I have three main points. First, the University’s proposed health care changes violate the GEO contract and state labor law. Second, the University can afford to keep health care free. Finally, we all know there is a crisis in health care provision in this country; however, the University’s proposed plans are short-sighted cost-shifting measures.

The University plan:
There are two separate proposals on the table: the 2004 recommendations made by Provost Courant, and the recommendations for 2005 and beyond made by the Committee on Health Insurance Premium Design (CHIPD), on which only administrators were represented. The only firm numbers at this point are for 2004. GradCare would cost $12/mo ($144/yr) for one person, $23/mo ($276/yr) for two, and $27/mo ($324/yr) for three or more. Those choosing other plans would pay significantly more.

The University has issued projected premiums for 2005 under the CHIPD plan based on a projected 7.5% DECREASE in total costs, which seems unlikely since the University has based their argument for changes on the fact that costs are RISING 15% a year. Based on this estimate, premiums for one person in 2005 would probably be around $21/mo ($252/yr). Families of three or more would likely pay about $31/mo ($372/yr). Again, those choosing other plans would pay significantly more.

For GSI’s and GSSA’s, this change is illegal:
While we do not think this is a fair or well-considered plan for any employees, the University has the right to change the health care of faculty and GSRA’s. However, 1700 GEO members are covered by a contract through February 1, 2005. State labor law designates health benefits as a “mandatory subject of bargaining,” meaning employers cannot change workers’ benefits without reopening formal negotiations. This law applies in all cases, unless the contract contains a “clear and unequivocal waiver” of the right to bargain. The line in our contract (Article XI) that says the Administration’s contribution to our health care will be the same as for other instructional staff is in no means a waiver by the standards set by the law.

Whatever the exact amount, forcing us to pay premiums is a breach of contract.

This is a question of priorities:
The numbers provided by the Provost suggest that the University would make about $120,000 from the premiums of GEO members in 2004. This is a drop in the bucket for the University, whose Health System made $22.5 million last year, and the University spent over $2 million remodeling the President’s mansion over the past year.

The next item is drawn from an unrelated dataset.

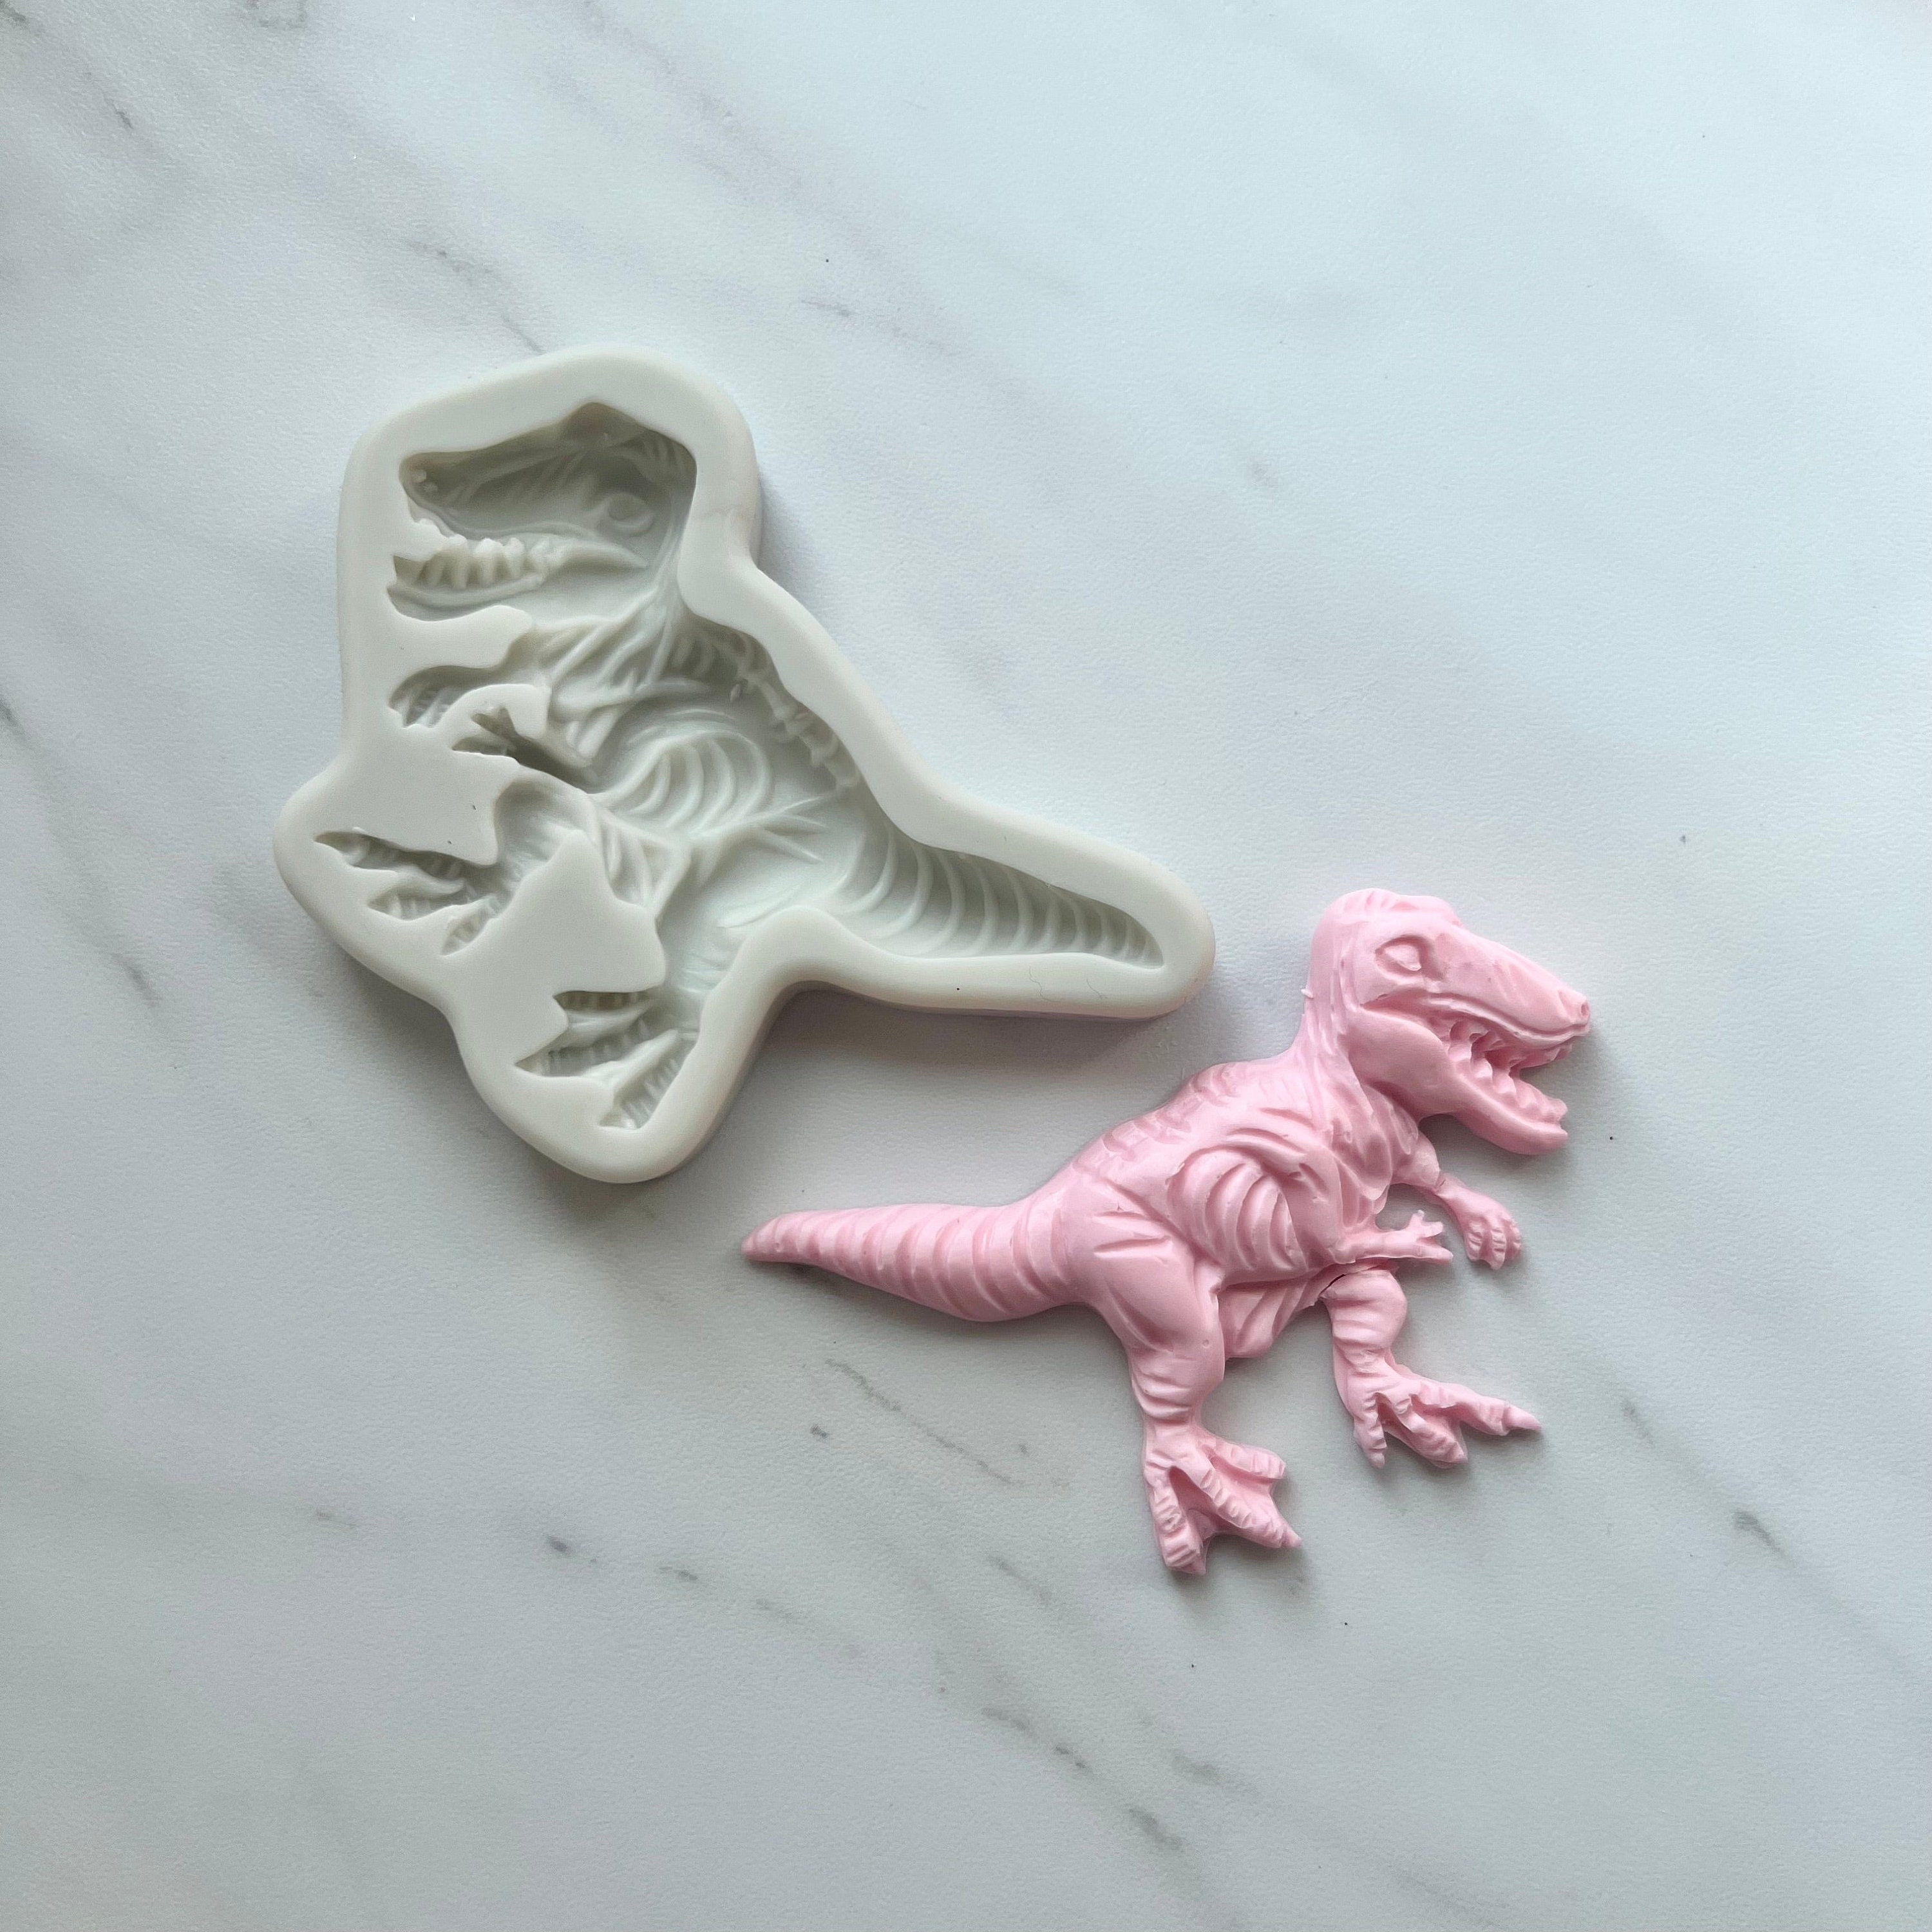 Easter Dinosaur Silicone Chocolate Mold Jurassic Period Animal Candy  Biscuit Jelly Fudge Baking Mould Cake Decor Ice Tray Gifts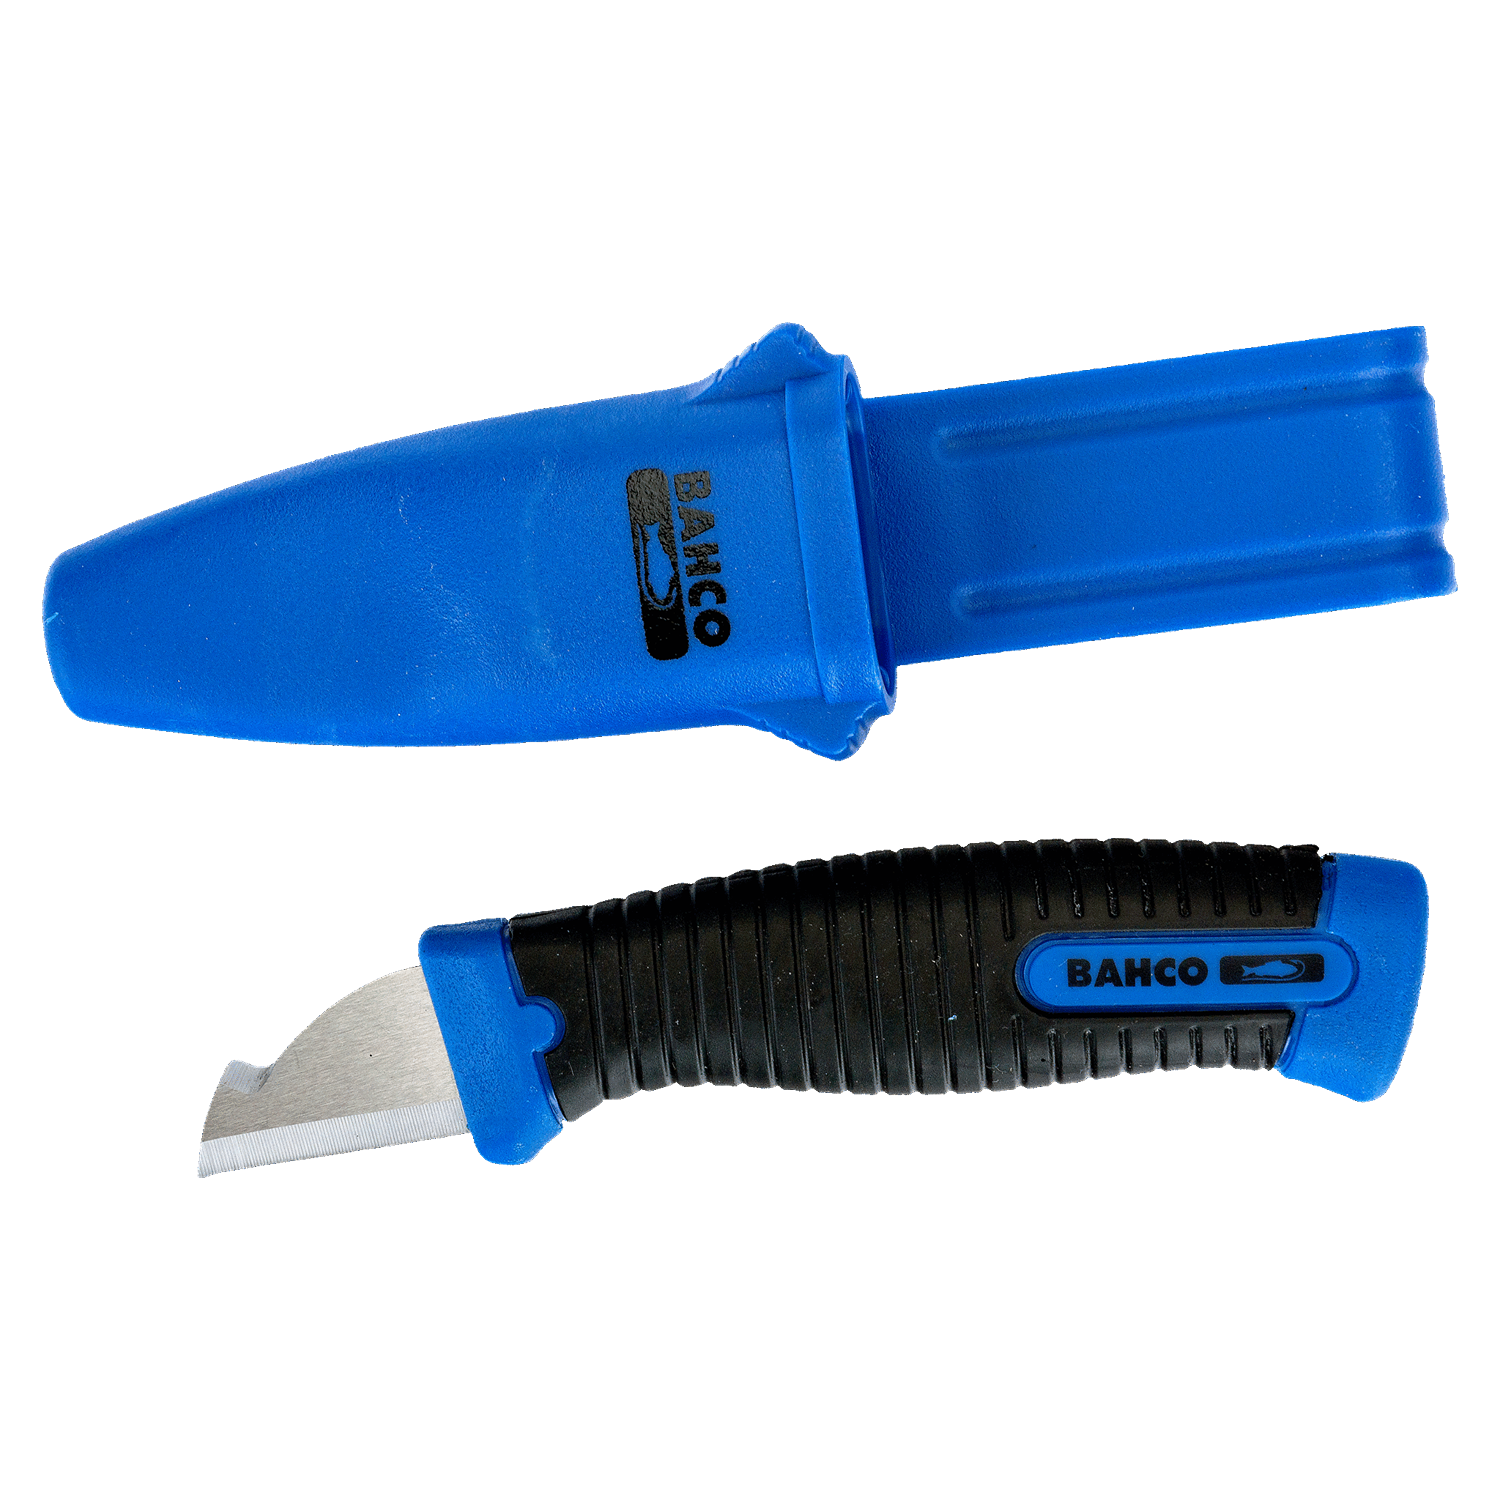 BAHCO 2446-ELL Electrician Tradesman Knife for Left Hand Use - Premium Electrician Tradesman Knife from BAHCO - Shop now at Yew Aik.

The University has more than enough money to pay for our health benefits.

Is $120,000 worth breaking our contract?

There are other alternatives:
Last year, the University of Michigan took the lead in defending affirmative action, an issue most institutions were unwilling or afraid to touch. Health care in this country is also an issue that demands vision and leadership. Shifting costs onto workers is like trying to hold up a sinking ship by taking life jackets from passengers and tying them to the hull—it is a short-term reaction that is hurting the health of people in this country without moving toward any real solutions. The University of Michigan has a formidable collection of resources and could lead the way in the effort to create a health care system that provides affordable, quality care to all people. Just as with affirmative action, the first step begins at home, in fulfilling the University’s commitment to its employees.